Одно остается для нас неясным из зарубежной дали, и это неясное — самое волнующее и важное: это прочность новаго «термидорианского» строя. Как относятся к власти, как переносят ее или борются с ней те классы, на хребте которых покоится ее пирамида? Угрожает ли Сталину новая революция рабочих и крестьян? Или, точнее: угрожает ли России новое пораженчество народных масс при первом вооруженном столкновении? Мы этого не знаем. Мы видим только, что диктатура готова идти на все, что вчера было символом контрреволюции, кроме одного: отказа от террора. По–прежнему поезда увозят в ссылку бесчисленных узников, по–прежнему расстреливают мелких преступников. Время от времени массовые облавы вырывают из столиц — и из жизни — то левых, то правых, действительных или мнимых врагов власти: троцкистов — студентов или бывших дворян. Если эта свирепость, столь не идущая к стилю современной контрреволюционной государственной пропаганды, обоснована в реальных, нам неведомых опасностях, тогда это значит: новая пирамида угрожает обвалом, и преждевременно делать ставку на стабилизацию революции. Но, может быть, это просто привычная реакция деспотизма, уже бессмысленная и ничем не оправданная.

Не будучи ни троцкистами, ни сменовеховцами мы не имеем основания ни для отчаяния, ни для восторгов в оценке нынешнего дня России. Для нас, сторонников «персоналистического социализма», неприемлемы самые основы новой социалистической деспотии. Несмотря на дифирамбы советской интеллигенции мы не можем присоединить свой голос к хору ликующих, праздно болтающих, обагряющих руки в крови276.

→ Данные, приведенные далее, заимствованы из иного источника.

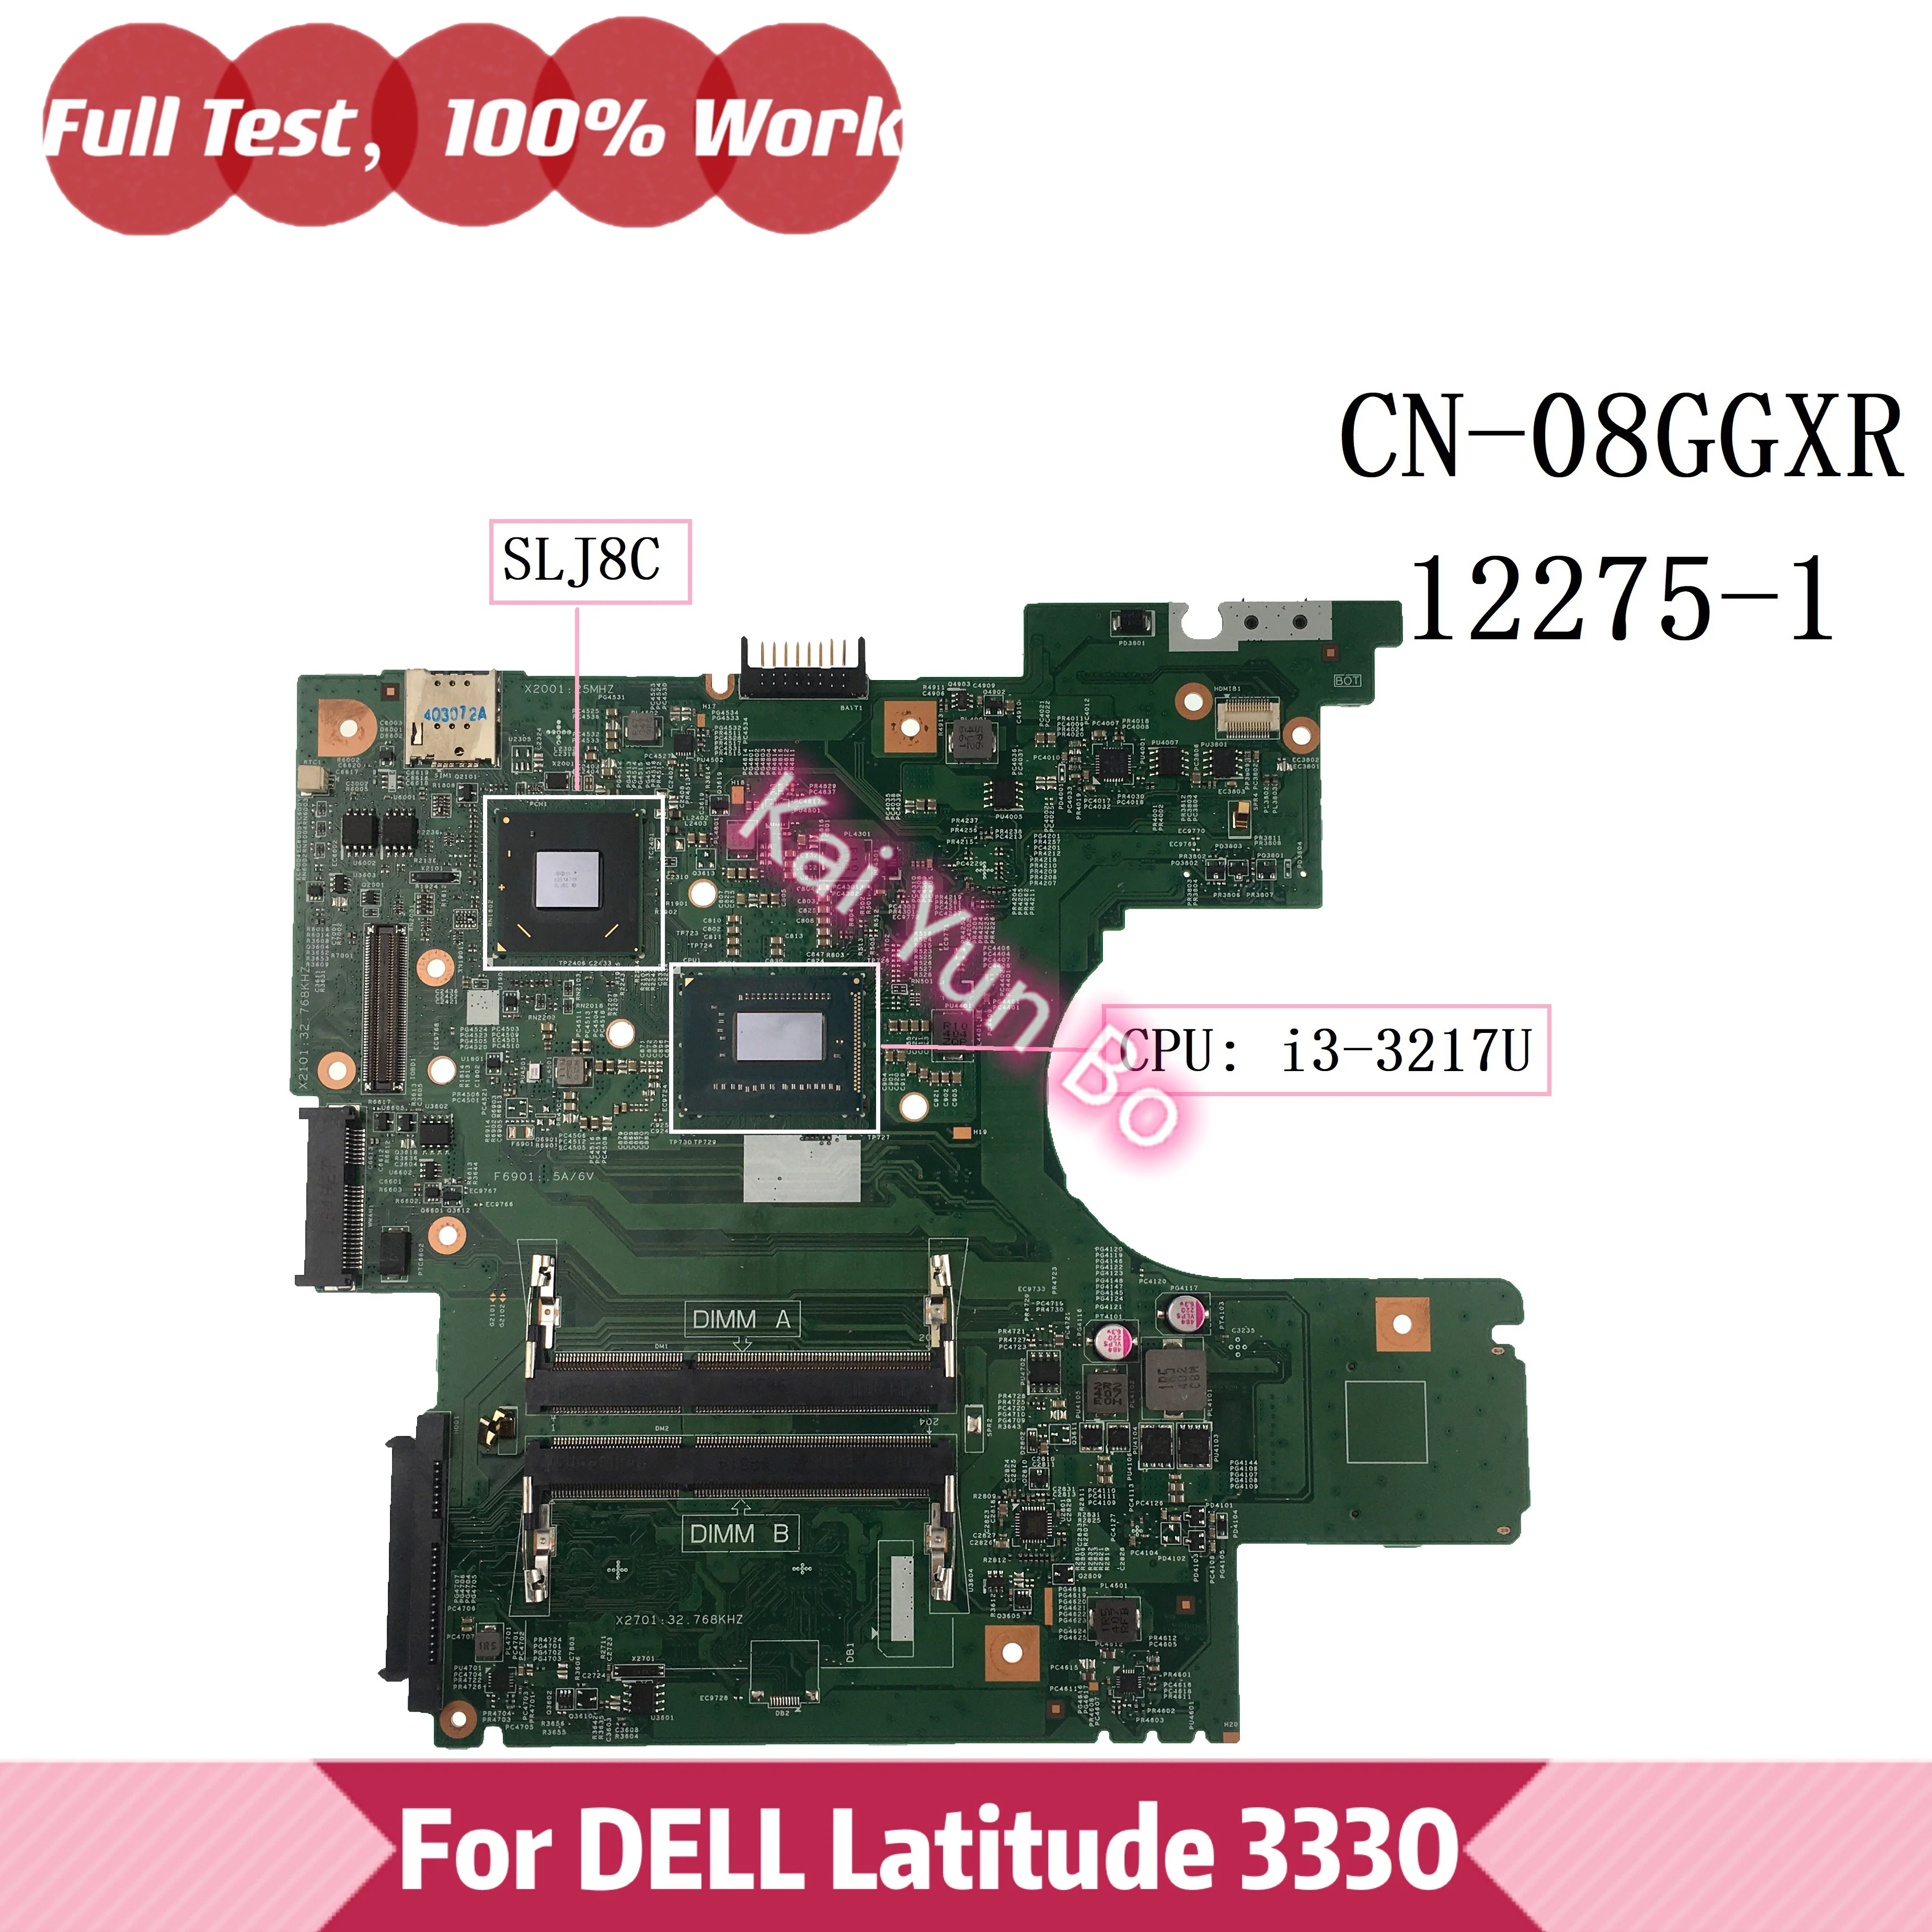 עבור Dell Latitude 3330 Vostro 131 V131 מחשב נייד לוח אם 08GGXR 8GGXR CN-0W29HP W29HP 0W29HP 02D6MM 2D6MM 12275-1 W 1007U i3 i5 - 5

Но мы признаем огромный шаг вперед, проделанный со времени военного коммунизма и даже последнего года пятилетки (1933). Признаем торжество здравого смысла, воскрешение некоторых вечных, элементарных начал общечеловеческой культуры… Признаем и творческий подъем технического русского гения, огромную работу, совершающуюся в России во всех сферах научно–технического строительства. Ни духовный, ни политический облик новой России еще не установился. Нам остается пристально вглядываться в туманные черты России, слушать противоречивые голоса, доходящие оттуда, осмысливать их и накоплять внутреннюю собранность, всегда готовую разрешиться в действие.